Charles Richter, the initiator of the Richter magnitude scale, became a seismologist from an ‘error’
On September 30, 1985, the initiator of the famous magnitude scale Richter, passed away. Charles Francis Richter spent the most of his life in California, in a vulnerable area from the seismic point of view and he made studies in this domain at the Stanford University, being familiarized with the researches of the Pasadena seismology Laboratory. In one of the rare given interviews, Richter confessed that he became interested by seismology from a ‘happy error’. He said that while he was working for this doctorate about the theoretical physics, the doctor Robert Milikan called him in his office and told him that the seismology laboratory is was looking for a physician. Although Richter was not in the domain, he found the offer interesting and he gave up on his activity to join the seismologists team in 1927. The Richter scale was created in 1935, by Charles Richter and Beno Gutenberg, from the California Institute of Technology and indicates the energy released in the center of an earthquake.

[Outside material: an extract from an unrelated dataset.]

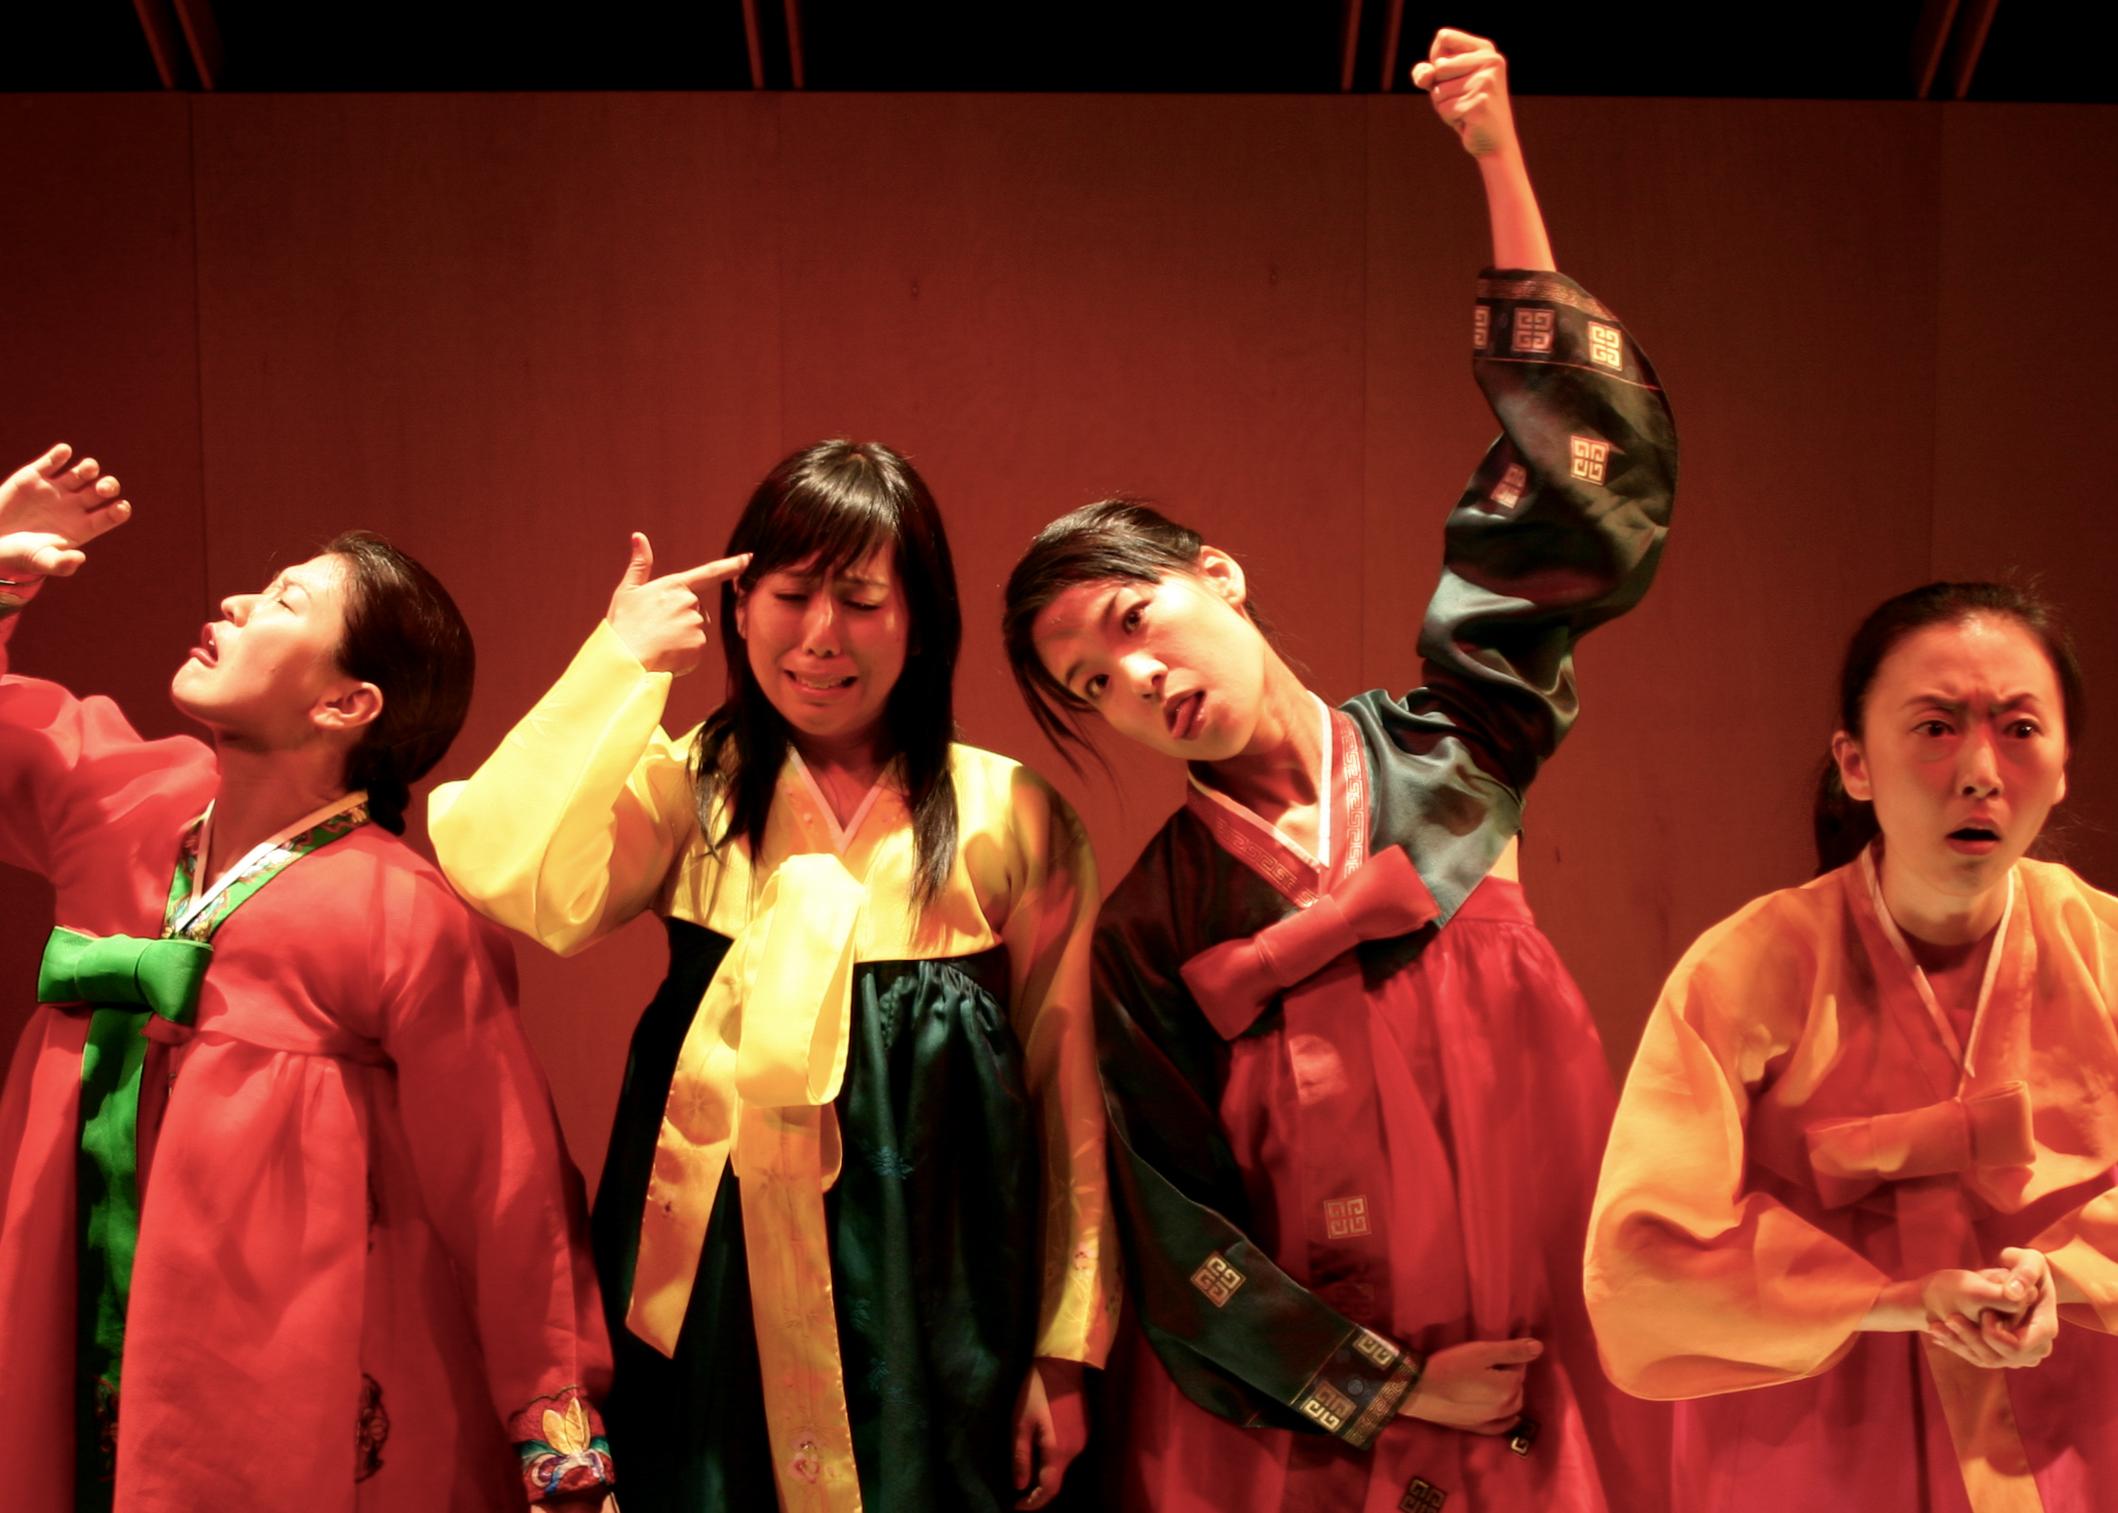 """Songs of the Dragons Flying to Heaven"", HERE Arts Center, New York, NY Jennifer Lim, Becky Yamamoto, Jun Sky Kim, Haerry Kim. Courtesy of Carl Skutch."

It is a logarithmic scale, because the magnitude, after Richter, corresponds to the logarithm of the volume waves amplitude measurement, at 100 kilometers away from the epicenter and is gradated from 1 to 9 and the intensity of the earthquakes are expressed in fractional numbers. In 1956, Richter and Gutenberg, a German seismologist and a geologist from the California Technology Institute, on the base of a precise map of the earthquakes re-partition in the area, improved the method of magnitude measurement, taking into the consideration the volume waves too, whose propagation speed depends on the terrestrial structure, these being observed on a 20 seconds duration. Richter suggested the measurement of the earthquake magnitude based on the maxim amplitude of the seismic waves, recorded on the seismographs. The Richter scale is a logarithmic one, a modify with one grade being correlated with a 10 times modify of the seismic wave amplitude.